How to extract the line that has URL: from pdf

“An updated List is accessible on the Committee’s website at the following
URL: www.un.org/securitycouncil/sanctions/materials.

Thanks and Regrads,
Supriya Galentic

1 Like

Hi @supu123
Try this regex pattern


[\w\n\S\s]+URL:[\s\w\d\S]+

Regards,
Nived N
Happy Automation

1 Like

Hi @NIVED_NAMBIAR

It is fetching entire pdf

Need to extract the only string that has URL and not the above and below part

eg- entire 2. should be fetched
-entire 3. should be fetched

Hope u understand my query

Thanks and Regards,
Supriya Yenaganti

Hi @supu123

so u need to extract the url part ?
is it right ?

Hi @supu123

Have a look that this regex pattern

(?<=URL:).*

Hi @NIVED_NAMBIAR

Need to extract the url which contains updated or latest keyword in the string

Thanks and Regards,
Supriya Galentic

Hi @supu123
did the above regex pattern works for you ?

Fetch url which has updated

Hi @NIVED_NAMBIAR

expression extracts entire pdf

Thanks and Regrads,
Supriya Galentic

Hi @supu123
did u need to extract those url which had word updated near to it ?

Hi @NIVED_NAMBIAR
How to extract those url which had word updated near it

If you are dealing with documents (scanned or native PDFs), the best appraoch would be to look into Document Understanding. This way, you can:

  • digitize the documents using whatever OCR engine is available to you
  • extract the data using a Regex Based Extractor , and a pattern that fits your needs
  • be able to review the data using validation station, in case review / potential corrections are needed
  • use the data in a simple way afterwards.
1 Like

Hi @NIVED_NAMBIAR
(?<=URL :).*
cannot fetch URL in the image

Thanks and Regards,
Supriya

@supu123 - because these 2 URLs are not in the same line as the word URL thats why…
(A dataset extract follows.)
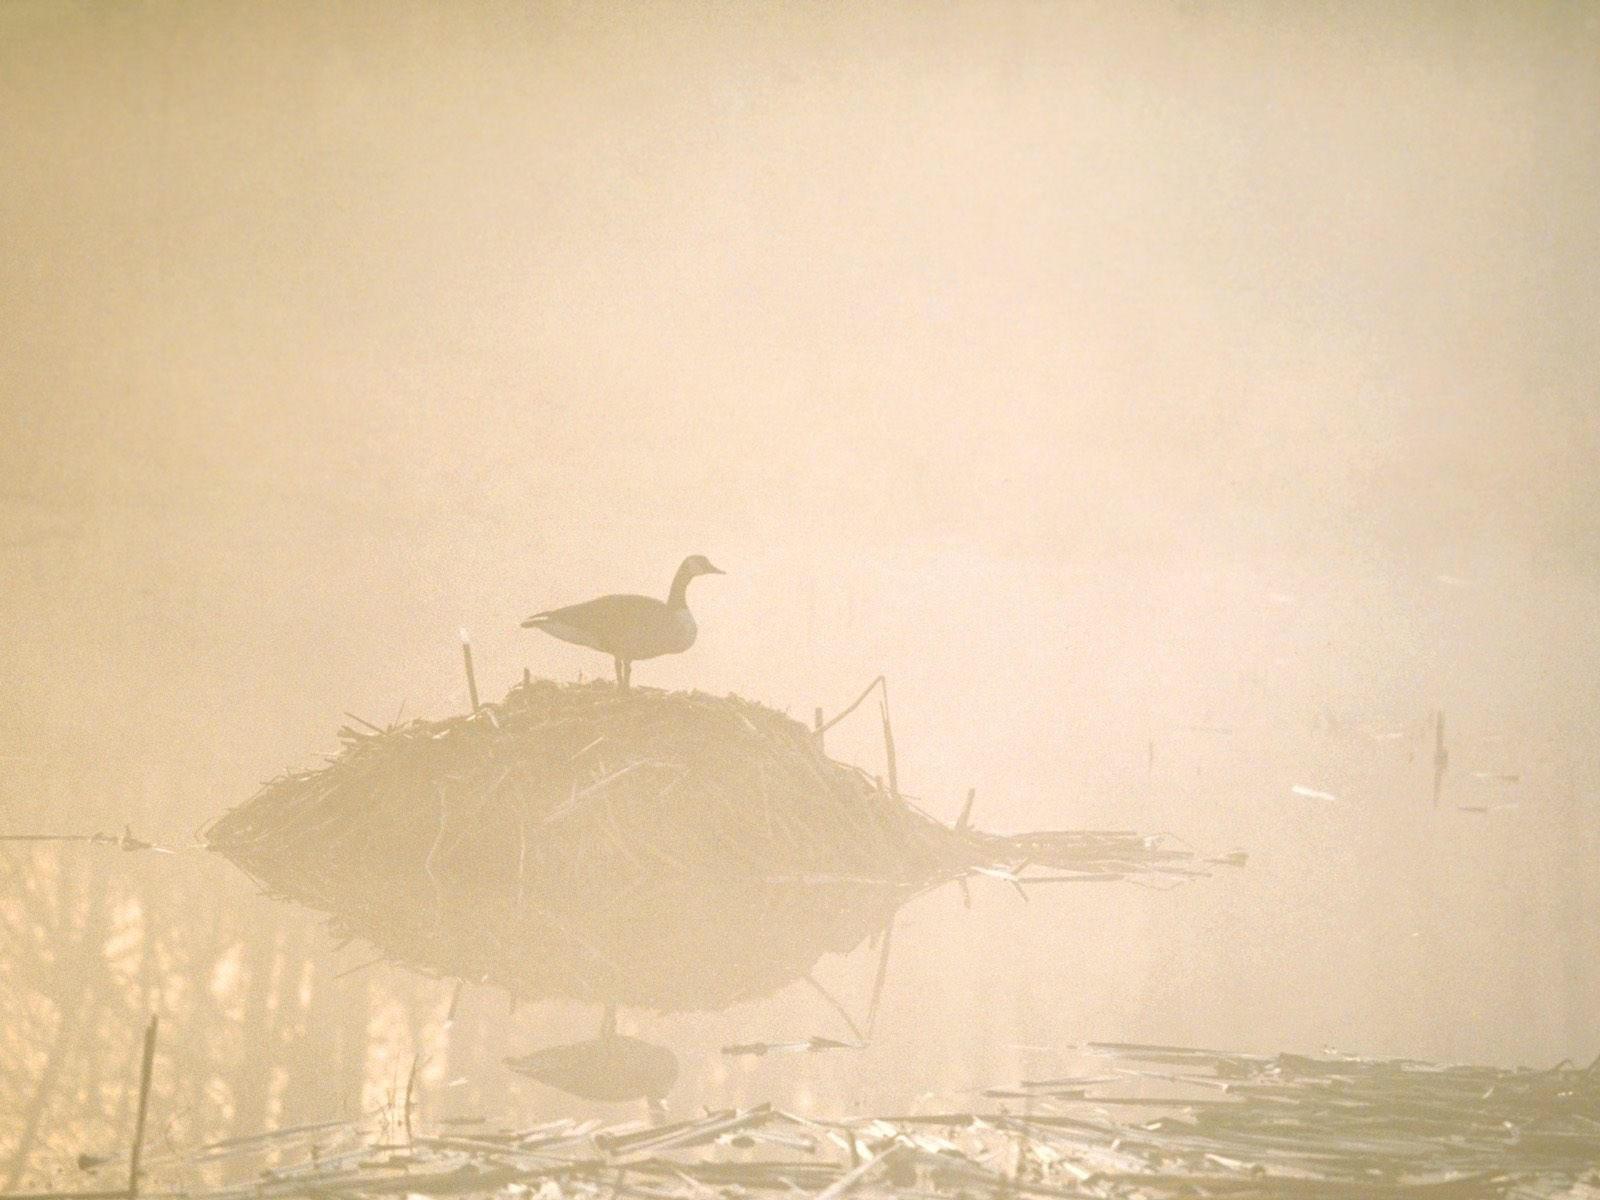 Утка на островке в воде

Could you please give the starting few letters of thr URLs…I saw your masked it. But for your information URLs on the forms are not PII so I don’t think you have to mask it…

If its always starts with www. Then please try www.\S+

This will fetch all the URLs starting with www

Hi @prasath17

Want to extract the entire statement with url in it

number 3. has latest keyword so want to extract only that 2 urls

Thanks and Regards,
Supriya

@supu123 - I am not clear on your requirement. If you are looking to extract the URLs below pattern would work…

Hi @prasath17

I also want the part above the url starting from 3. till end of 3.

The latest versions of the Sanctions lists are accessible on the UN Security
Council’s website at the following URL:a) List of individuals and entities issued by the UNSC ISIL (Da’esh) and Al-Qaida
Sanctions Committee:

b) List issued by the UNSC Committee established pursuant to
resolution 1988 (2011) of individuals and entities linked to Taliban

Thanks and Regards,
Supriya

@supu123 - I am not positive that this can be achieved using Regex…

You may have to try different approach.

Hi @prasath17

For @supu123 work, we had to implement two regex patterns , one for to search data (lines ) having updated word then after that use the another regex to extract URL

We had to try that way to achieve this

Sorry for late response @supu123

Regards

Nived N :robot:

Happy Automation :relaxed::relaxed:

Hi @NIVED_NAMBIAR

Can I get an example

Thanks and Regards,
Supriya